> _Data under study_:
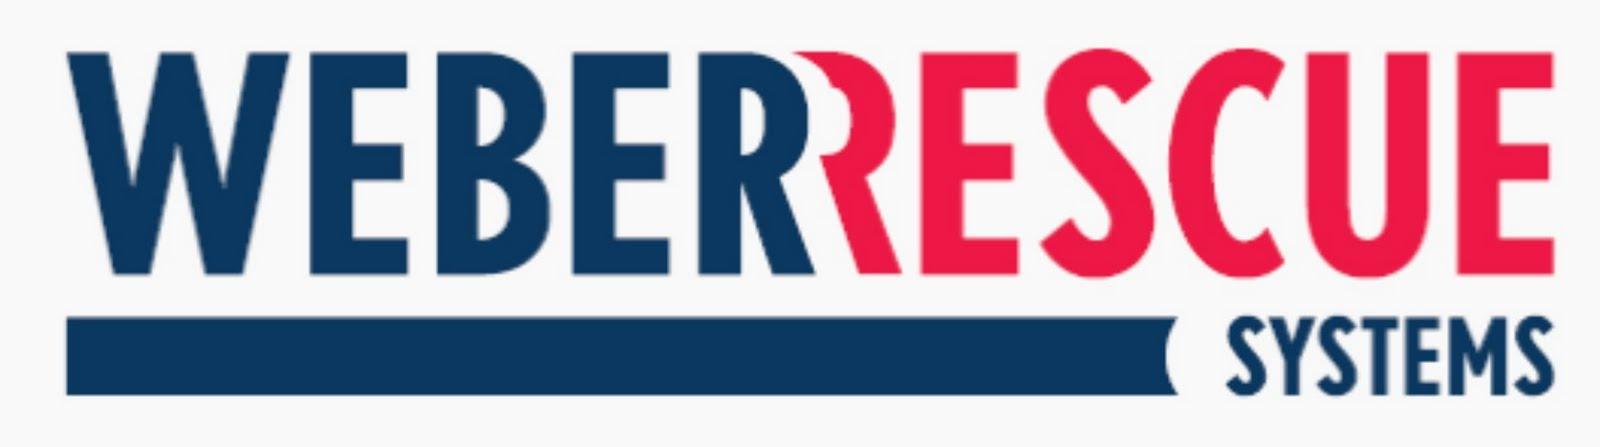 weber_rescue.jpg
...
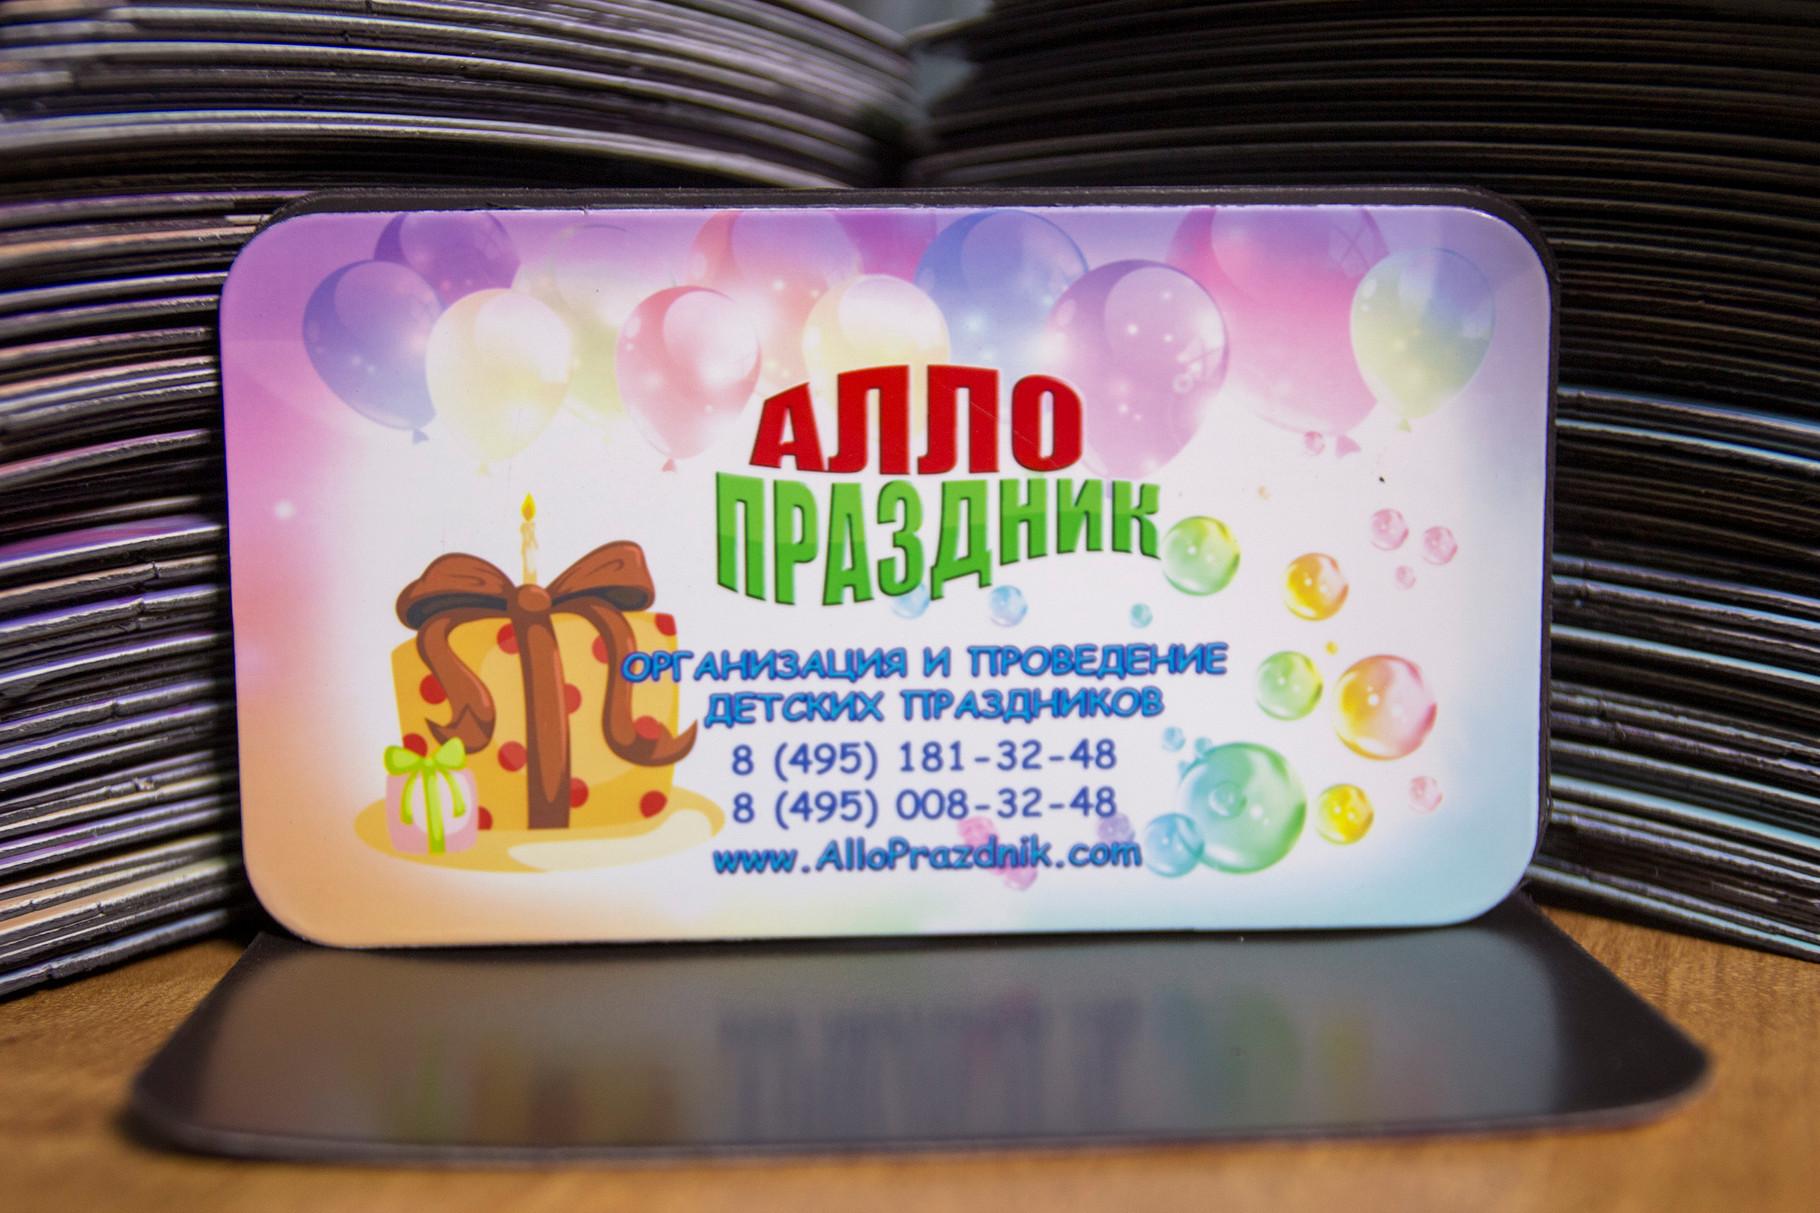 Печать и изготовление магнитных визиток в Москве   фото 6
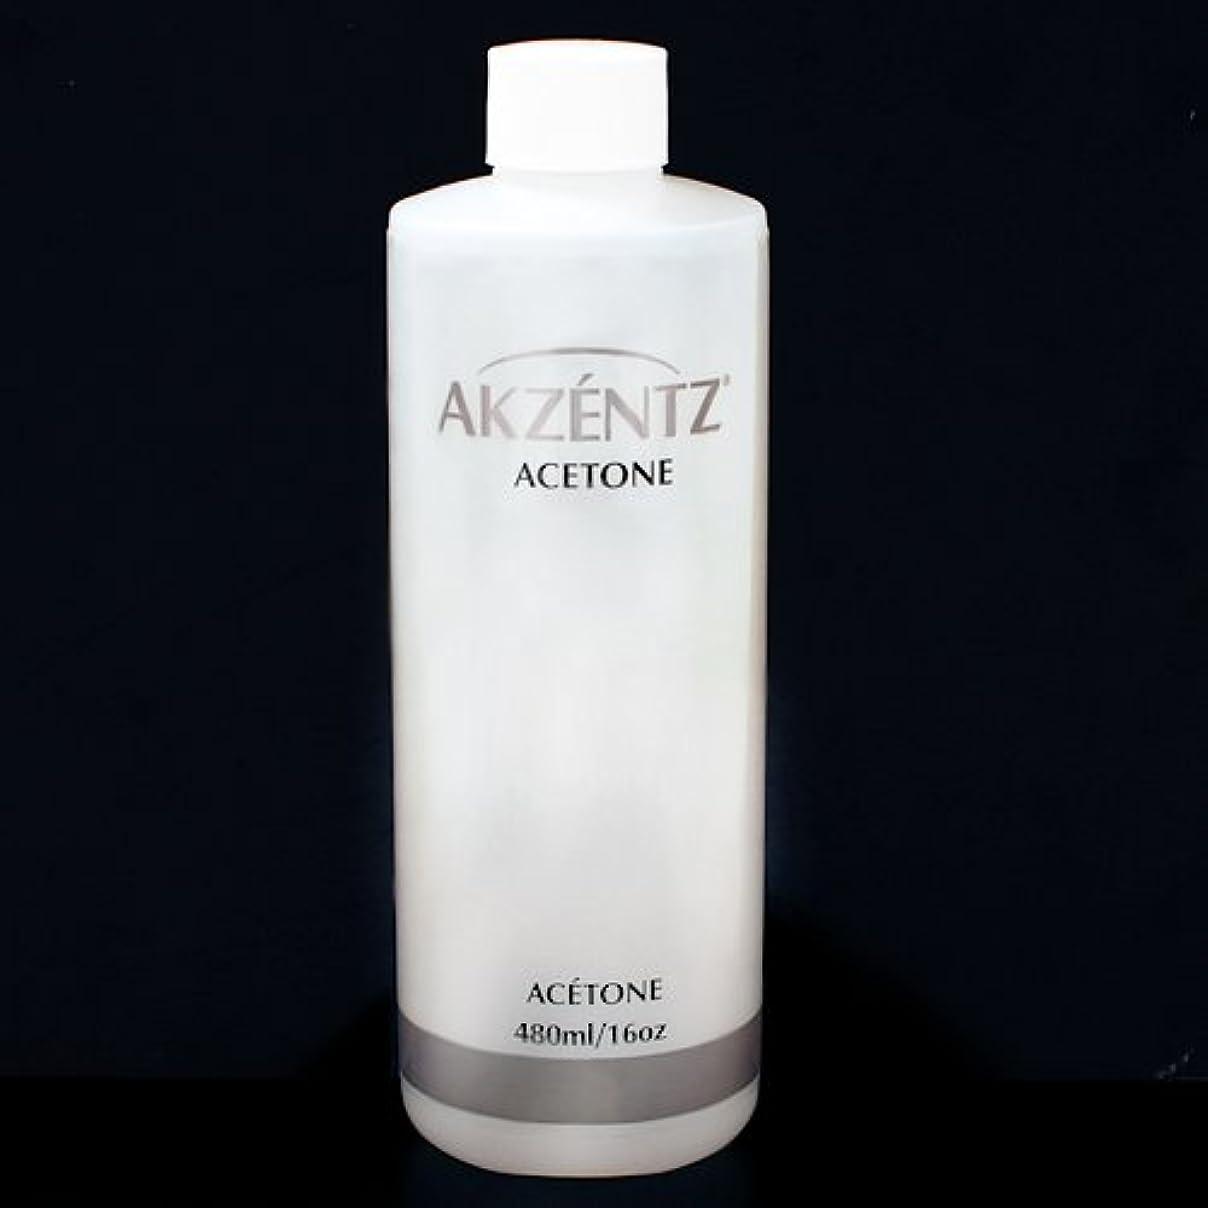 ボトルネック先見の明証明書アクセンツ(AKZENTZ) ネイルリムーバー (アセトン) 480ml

> _Try it_: Copy the listing above exactly, but only from the line with "Печать и изготовление" through the line with "ボトルネック先見の明証明書アクセンツ(AKZENTZ) ネイルリムーバー (アセトン)", including those two lines and excluding any picture.

> _Exercise response_:
 Печать и изготовление магнитных визиток в Москве   фото 6
 ボトルネック先見の明証明書アクセンツ(AKZENTZ) ネイルリムーバー (アセトン) 480ml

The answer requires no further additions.